Please restate each line of the data that follows word for word, skipping any image.

*DATA BLOCK*
----------

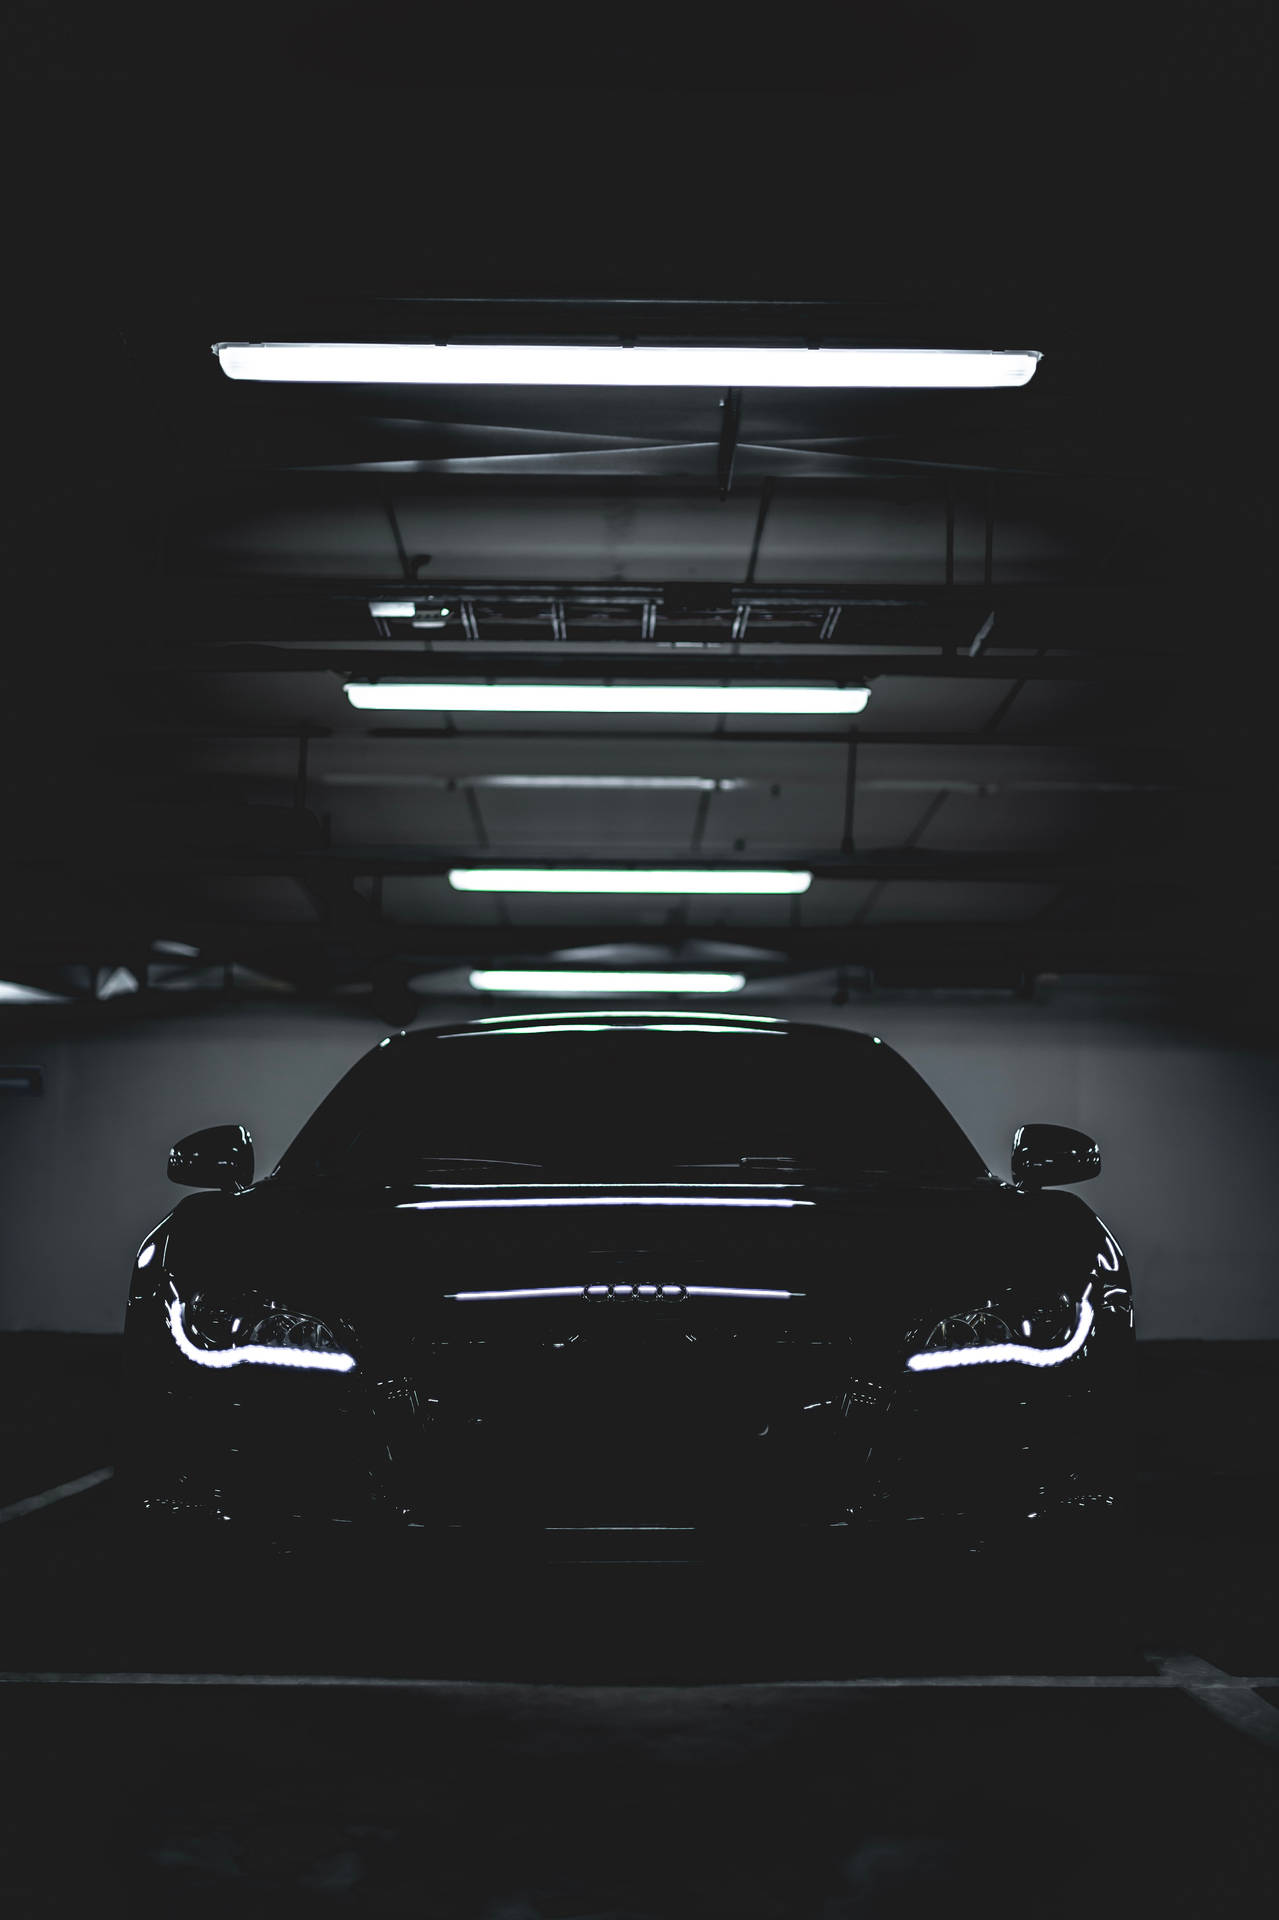 A Black Car In A Dark Parking Garage
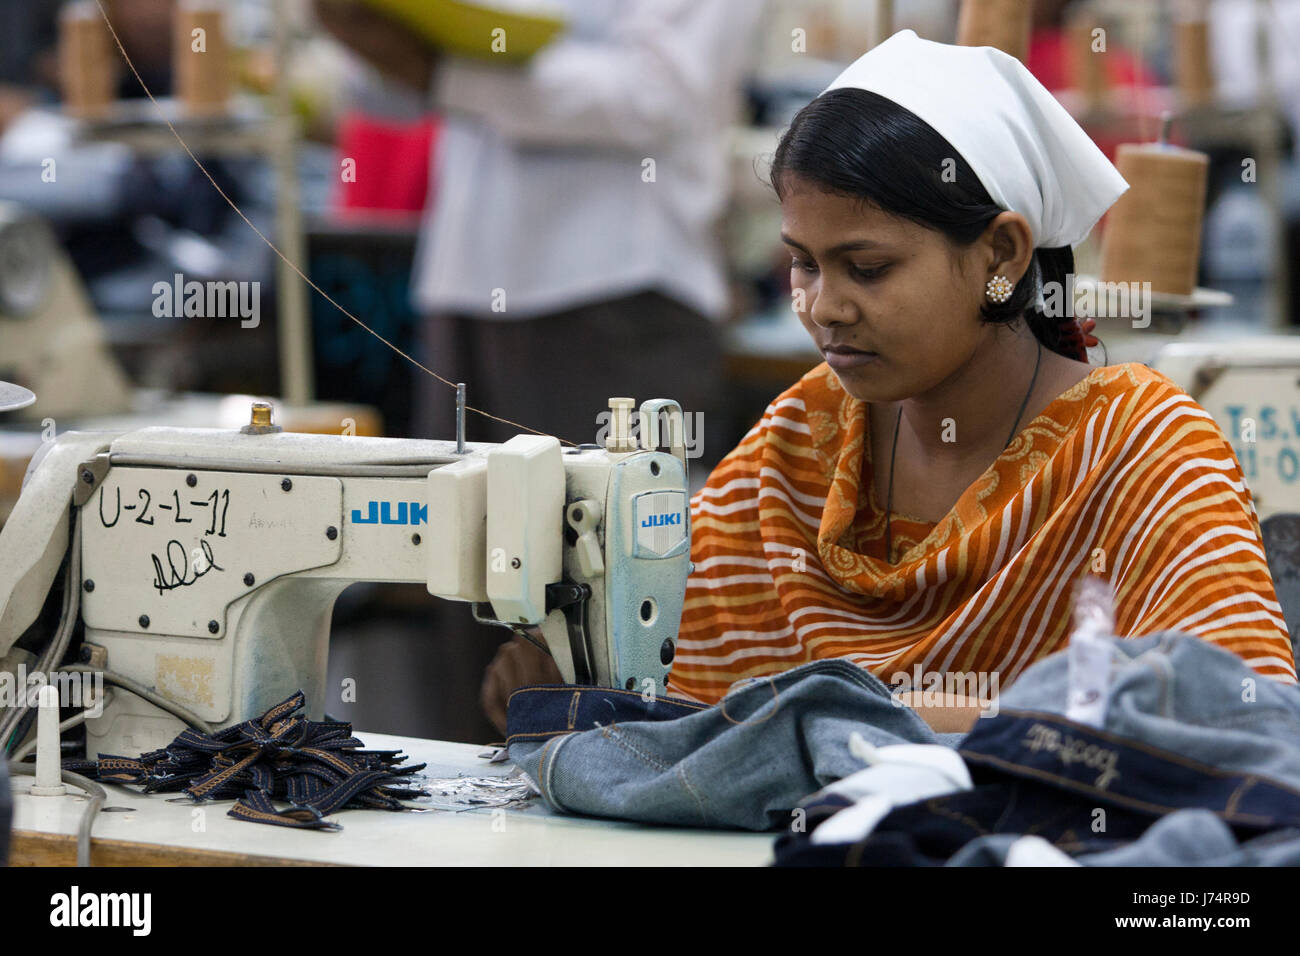 Prendas trabajan en la fábrica. Dhaka, Bangladesh. Foto de stock
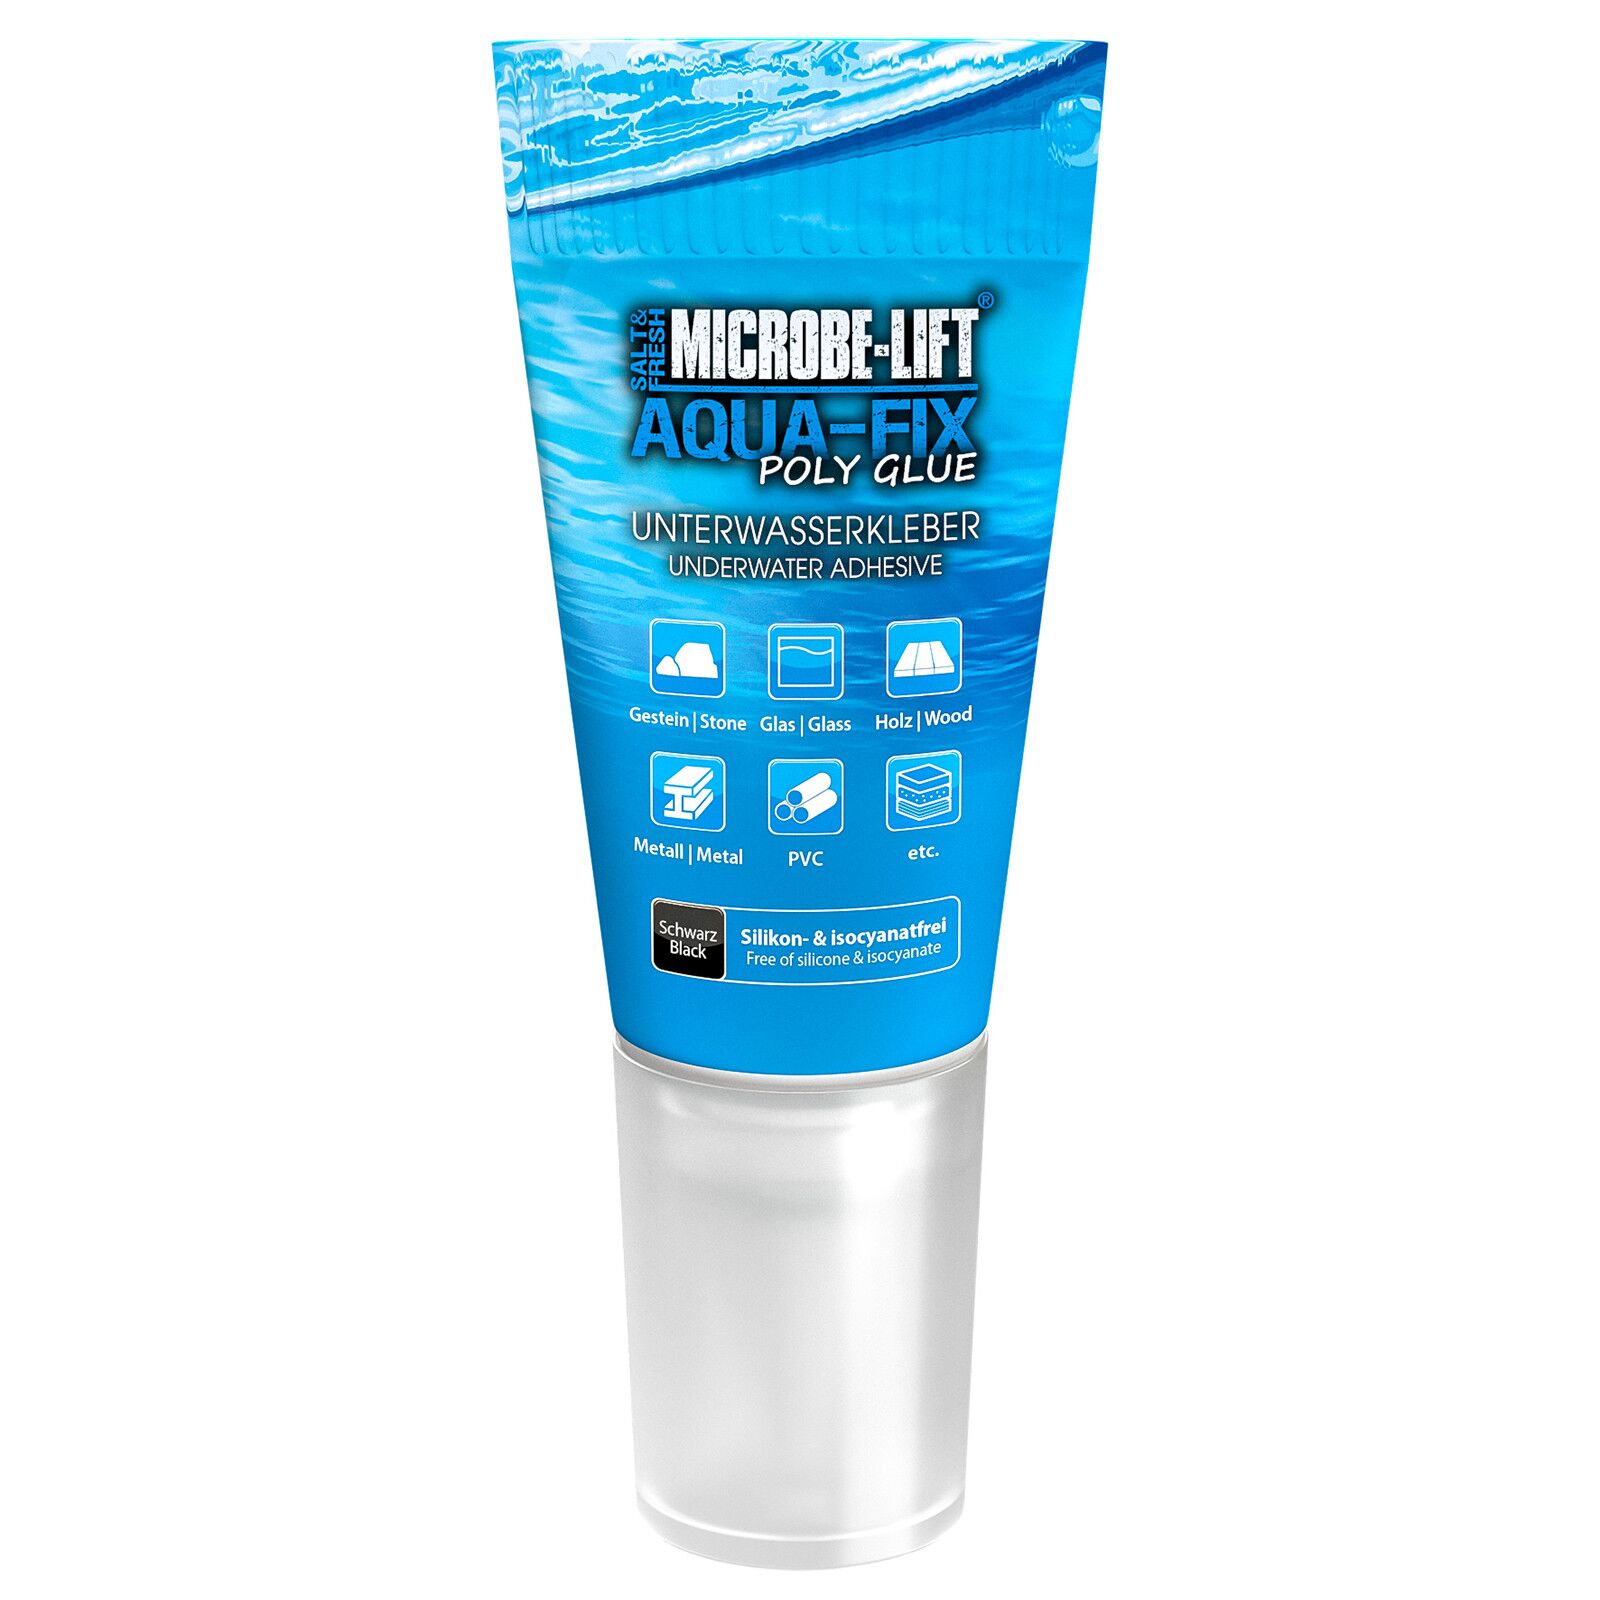 Microbe-Lift - Aqua-Fix Poly Glue - Underwater Adhesive | Aquasabi - Aquascaping Shop

----------

*ANSWER SECTION*
 A Black Car In A Dark Parking Garage
 Prendas trabajan en la fábrica. Dhaka, Bangladesh. Foto de stock
 Microbe-Lift - Aqua-Fix Poly Glue - Underwater Adhesive | Aquasabi - Aquascaping Shop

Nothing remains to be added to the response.